Here is an appeal, then, not to interests, but to conscience of China and Russia: Do not let your global stature be diminished by your silence. Do not let your historic legacies be tarred by association with ethnic cleansing. Use your influence not to obstruct justice, but to enable it. Insist on repatriation, but only when it is safe, voluntary, and dignified. Push for reforms in Myanmar’s citizenship laws, not for the sake of the West, but for the sake of regional stability, and for the honour of humanity, and that of your own.
As for the wider international community, the time for symbolic gestures is well over. The Rohingyas do not need pity; they need policy. A durable solution will not come from grandstanding, but from coordinated action across five fronts.
First, repatriation must remain the goal, but not under current conditions. Myanmar must guarantee citizenship, security, and rights. Until then, no refugee should be forced back, and any pilot return must be voluntary and closely monitored.
Second, Bangladesh must be supported, not left to manage alone. Donors must increase aid, not reduce it. More importantly, Rohingyas in camps must be allowed to live with dignity, unmolested by Myanmar Junta: education for children, vocational training for youth, and controlled access to employment. This is not integration by stealth; it is investment in future stability of the region as a whole.
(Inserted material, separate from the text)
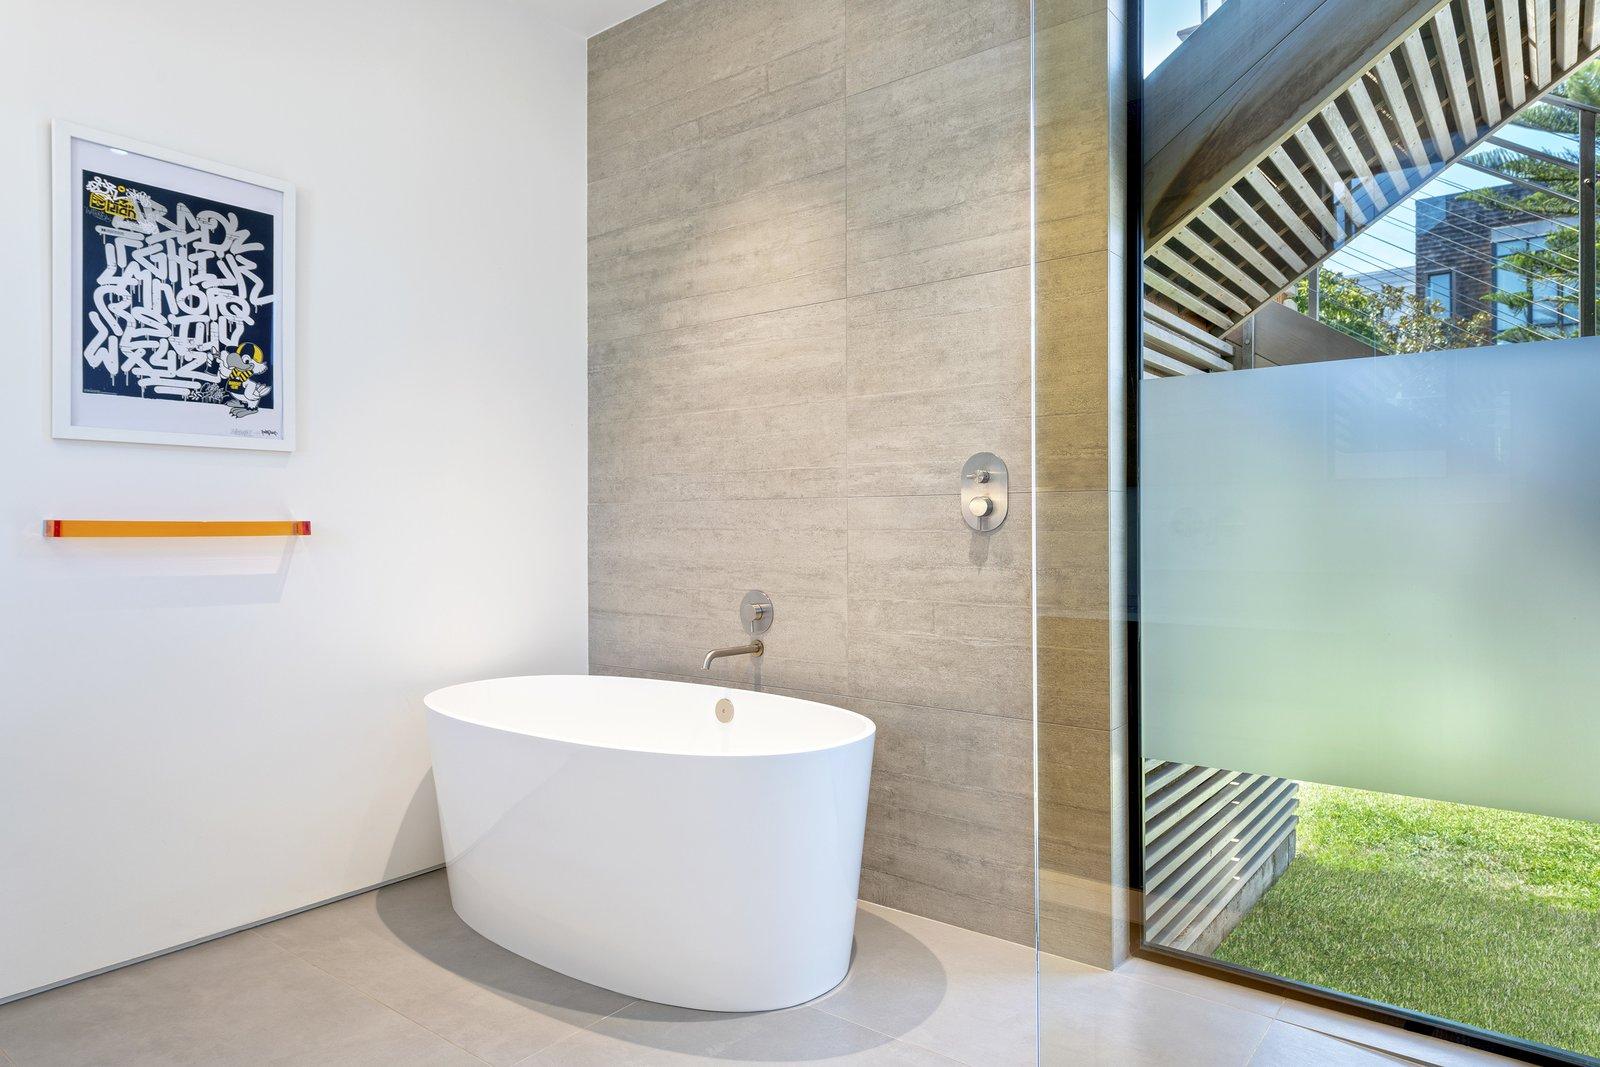 Bath Room and Freestanding Tub Main Bath  Precita Park Residence by Studio Sarah Willmer, Architecture
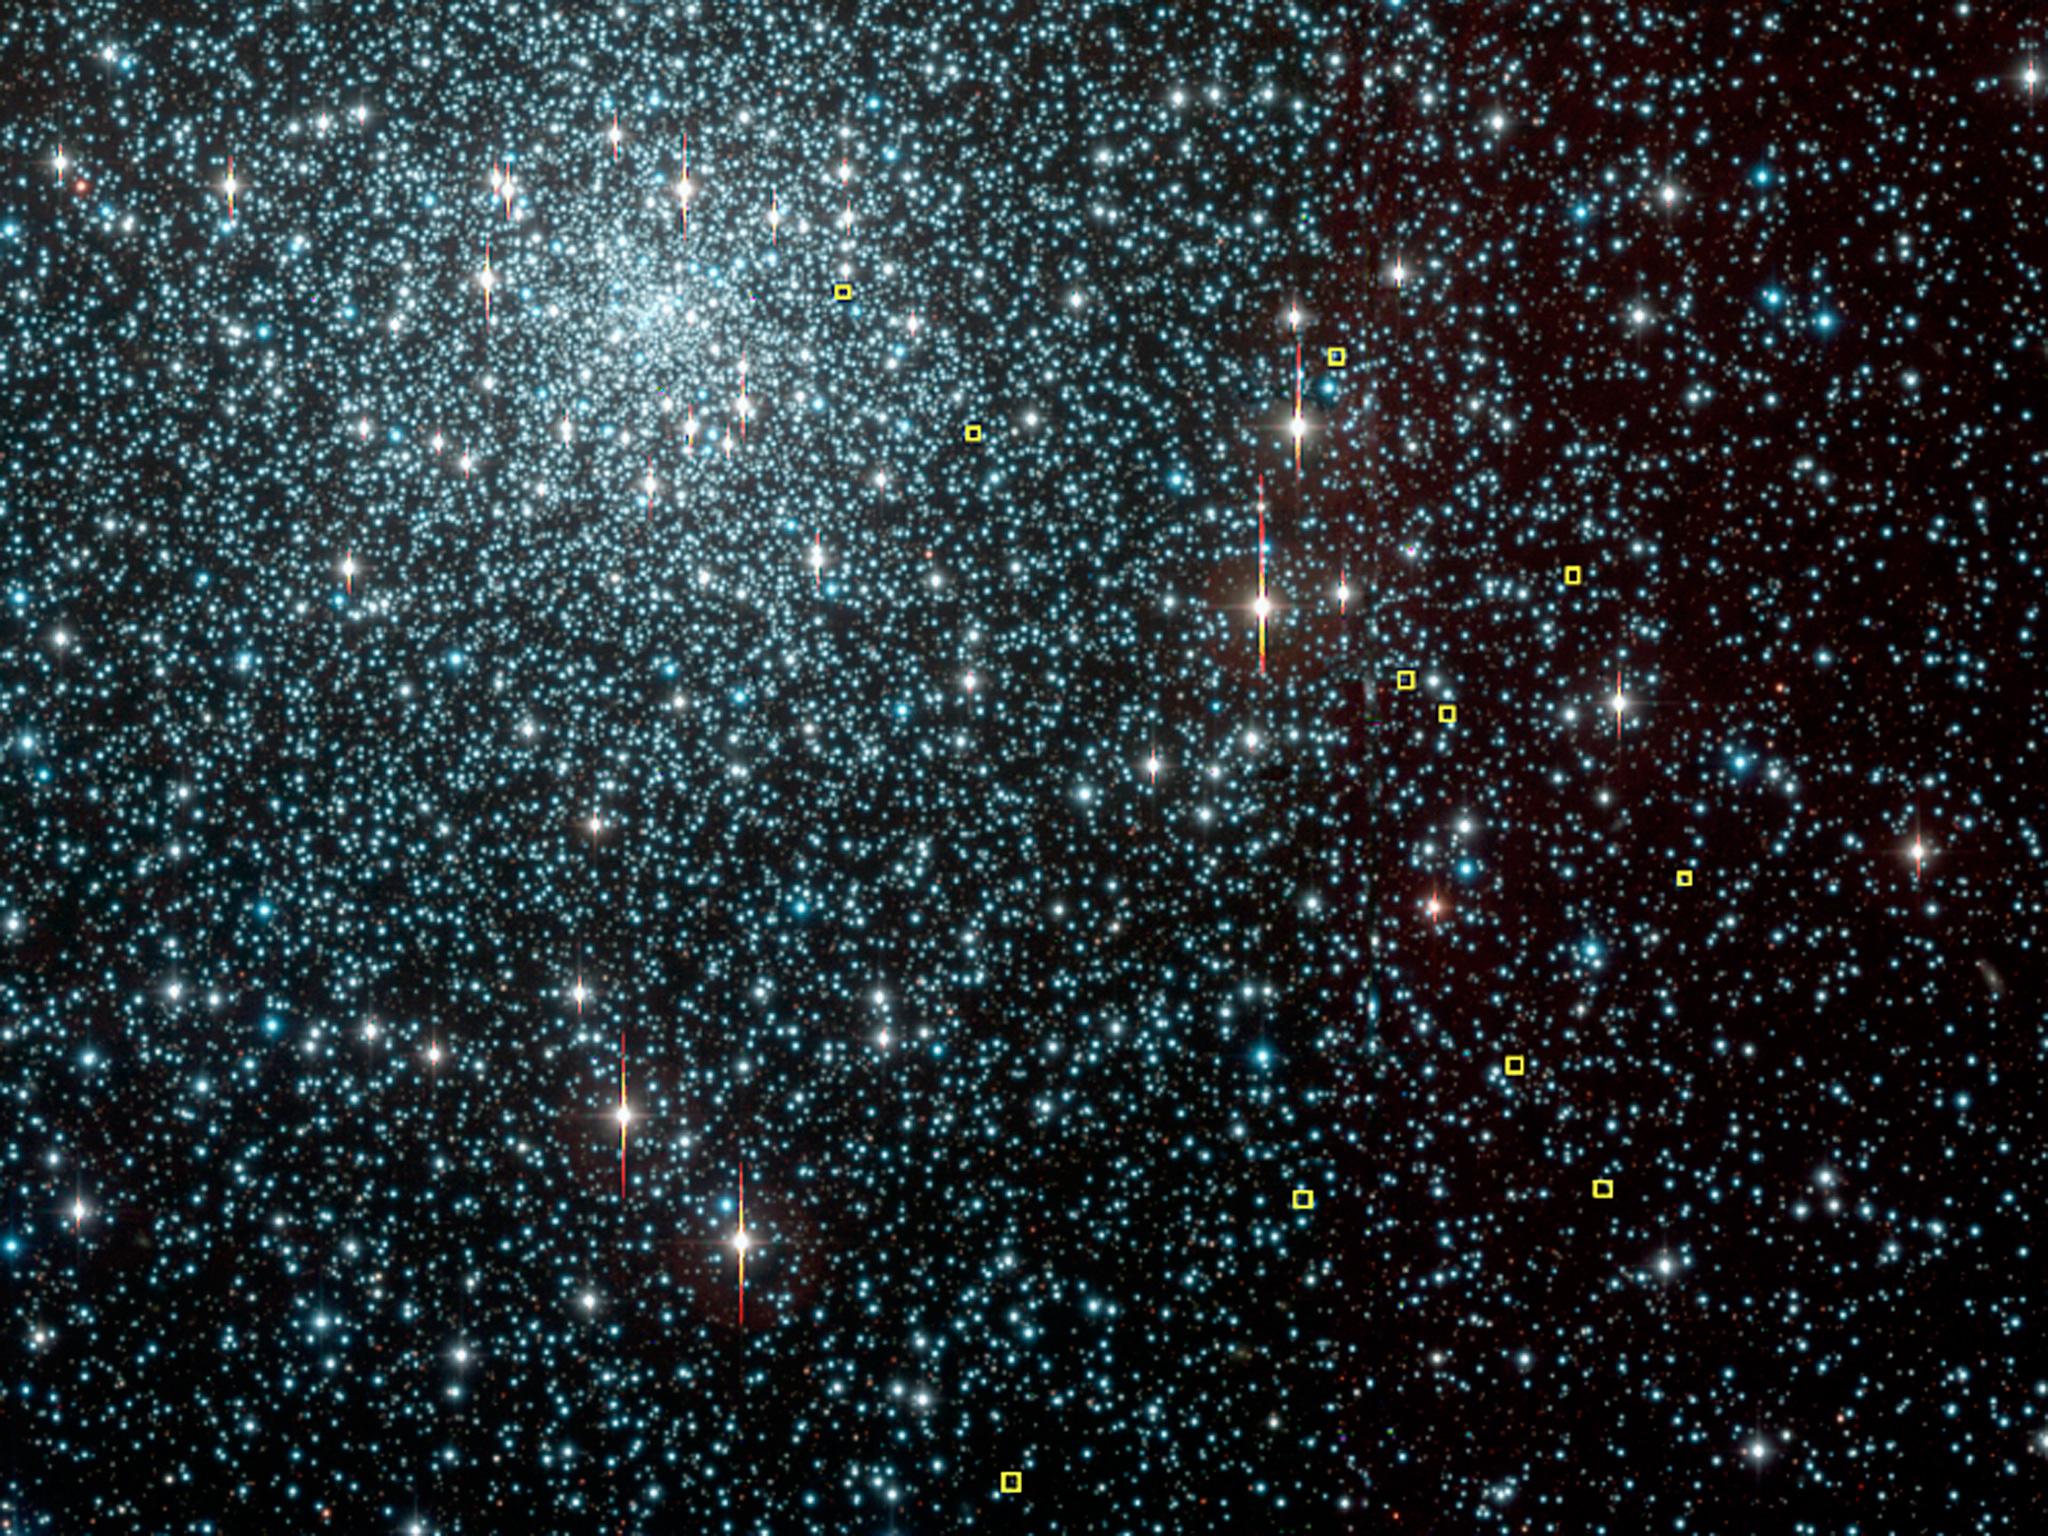 stellar and galactic astronomy uga - HD1280×1280

Third, third-country resettlement, though not a mass solution, must be revived for the most vulnerable. Western countries, Gulf states, and Southeast Asian neighbours can and must each do their part – even symbolic numbers would relieve pressure and offer hope.
Fourth, Myanmar must face pressure, not mere appeals. Targeted sanctions on its military elite, arms embargoes, and international criminal investigations must continue — and ASEAN must stop coddling the junta with silence and symbolic seats. A regime that displaces its own people should not enjoy regional legitimacy. Mass-scale cleansing of the Rohingyas must not be allowed to be par for the course.
Finally, and perhaps most crucially, the narrative must shift. The Rohingyas must no longer be portrayed as a problem to manage, but as people to protect. They are not invaders, but victims. Not a burden, but fellow humans with hopes, histories, families and futures. The world must tell their story, not just in reports, but in classrooms, media, and policymaking tables.
The truth is, the Rohingyas have been stateless for too long to believe in swift salvation. But justice delayed need not be justice denied. The arc of history may be long — but only if we bend it. The choice is ours.
In 1945, the world said “Never again.” In 1994, post the Rwandan genocide, it said it again. Now, in 2025, with a million Rohingyas trapped in the grey zones of geopolitics, the world is watching — and waiting.
This time, let us not fail. Else humanity will not be judged kindly by eternity.